第二次世界大戦中、ナチス・ドイツは、ユダヤ人やシンディ・ローマと呼ばれる人々を、大量に組織的に殺害しましたが、それと並んで、身体や精神に障害をもつ人々を収容し、安楽死という名の下に組織的に殺害しました。<真の世界の担い手は私たちだ。お前に生きるに値しない>と言って。生きるに値しないとは、当時の医者たちが本当に使った表現です。そして優性思想は、決して過去のものではありません。現在では、遺伝子レベルで赤ちゃんをデザインすることは可能になりつつあります。出生前検診を受けるか受けないか、私たちは子どもを生むたびに決断しなければなりません。

 さて、ナチス・ドイツによる心の病をもつ人々の組織的殺戮に対して抵抗した人の一人に、フリードリヒ・フォン・ボーデルシュヴィングという牧師がいます。彼の同名のお父さんは、ベーテルという町の創設者です。この町は、最初は癲癇(てんかん)患者の収容施設から出発し、やがては路上生活者や心の病をもつ人々なども受け入れて発展し、現在では町全体が福祉の町のようになっています。町には幼稚園から大学、神学大学まであり、ホテルやレストランもあり、さまざまな病院があります。老人ホームもありますし、心を病む人たちのための施設もあります。もっとも施設といっても、町には誰でも自由に出入りできますし、見張り番などはいません。町全体が、こうした人々と渾然一体となって暮らしています。

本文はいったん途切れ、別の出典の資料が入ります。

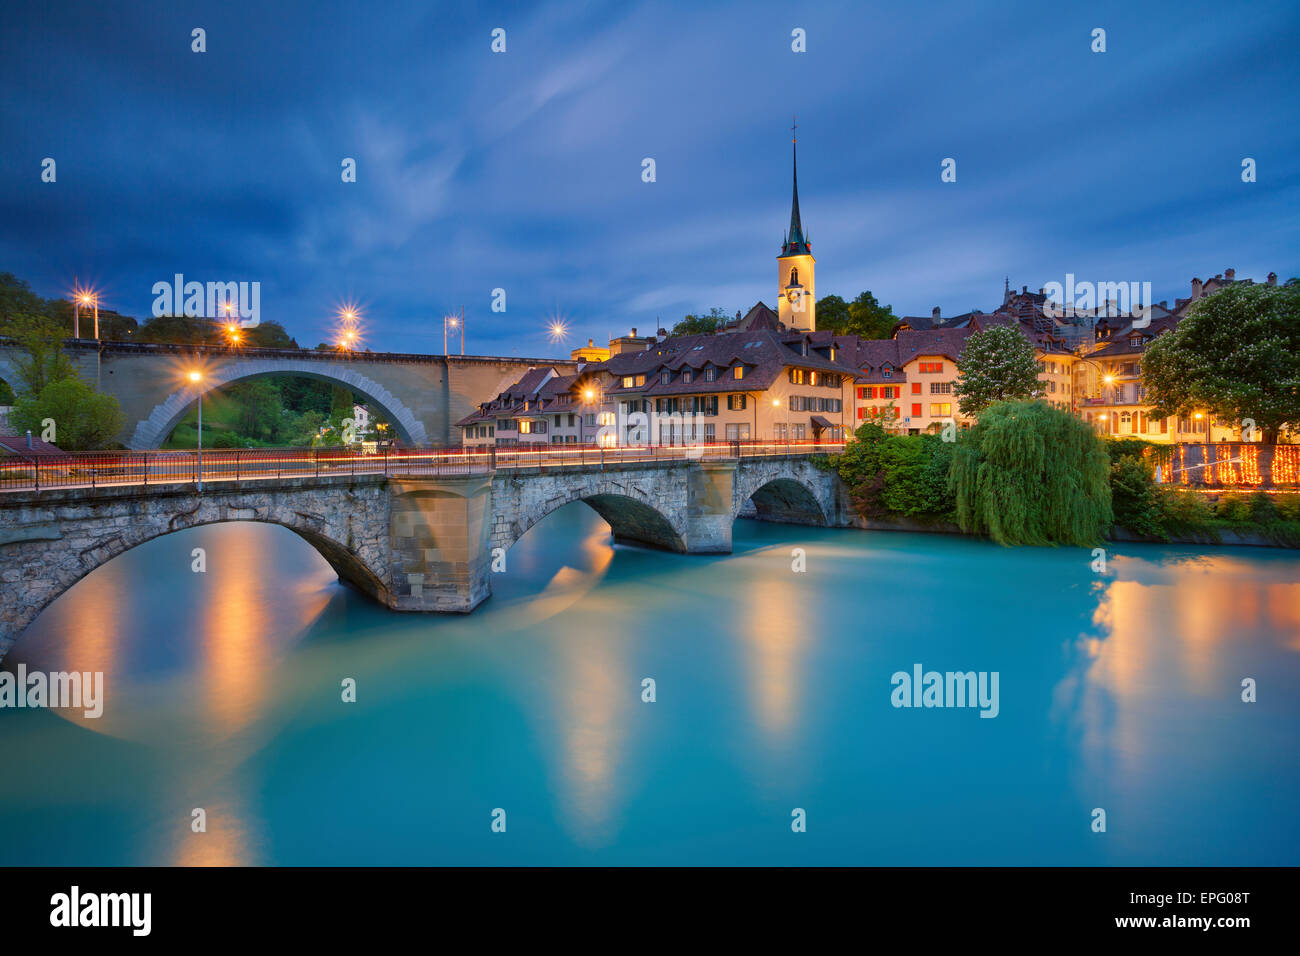 Berna. Imagen de Berna, capital de Suiza, durante la hora azul crepúsculo. Foto de stock

 いま東京で、日本におけるドイツ 2005-2006年の枠内で、ベーテル・ボーデルシュヴィング総合福祉施設で暮らす芸術家たちの絵画展が行なわれています。
⇒ http://www.doitsu-nen.jp/index_JA.php

先日私は、そのオープニングセレモニーに参加しました。展示された絵を見ると、それらを描いた芸術家たちが、いろいろな心理的な問題や精神の病を抱えていることはすぐに分かります。しかし絵は本当に素晴らしい。私が気に入った画家の絵は、じつに豊かな色彩に溢れています。お話をうかがうと、この人は中年の女性ですが、重度の精神障害のため、これまでの生涯で一言も言葉を発したことはないそうです。誰一人として、彼女に絵の才能があるなんて知りませんでした。だから彼女は、誰からも注目されずに生きてきました。社会は彼女に、<お前は生きるに値しない>というメッセージを送り続けてきたのです。しかし彼女が絵筆を手にしたとき、この人に神が与えた才能があふれ出たのです。

VII

私たちと神の物語は、どうなってゆくのでしょうか。かつての過ちを、少しでも繰り返さずにすむには、どうすればよいでしょうか。今日のテキストに引用された詩編の言葉に、そのためのヒントを求めたいと思います。

家を建てる者の捨てた石、
これが隅の親石となった。
これは、主がなさったことで、
わたしたちの目には不思議に見える。(10-11節)

イエスは捨て石として、社会で役に立たない者、<お前は生きるに値しない>と言われて排除された者の一人として死にましたが、新しい建築物の中心となりました。これは、主がなさったことで、わたしたちの目には不思議に見える。言葉をまったく話すことのできない重い障がいをもつ人が、溢れんばかりの色彩の絵を描く。これも、私たちの目には不思議なことです。

 先にふれたボーデルシュヴィング牧師は、1938年、仲間の障がい者たちを、なんとかナチスから守ろうと苦闘している時期に、ある詩を書きました。その第一節は、次のようです。

今や、私たちの心は、
ゴルゴタの丘で犠牲となられたお方のもの
この方は激しい死の苦しみの中で、
神の秘密をご覧になった。
人間のすべての罪の
裁きの秘密を、
父なる神の永遠の恩恵からの
新しい光の秘儀を。

(橋本孝『福祉の町ベーテル』五月書房、2006年、139-140頁より)

この詩によれば、キリストの十字架は、イエスが神の秘密を見た場所です。それは人間のすべての罪の裁きと永遠の恩恵からの新しい光が同時に明らかになる場所です。私たちが、このことに与りたいならば、私たち自身が社会から捨て石として見棄てられ、追いやられた人々に、少しでも寄り添う生き方を目指すほかありません。

 受難節に属するこの主日、私たちもボーデルシュヴィングとともに、今や、私たちの心は、ゴルゴタの丘の上で犠牲となられたお方のもの。と祈りたいと思います。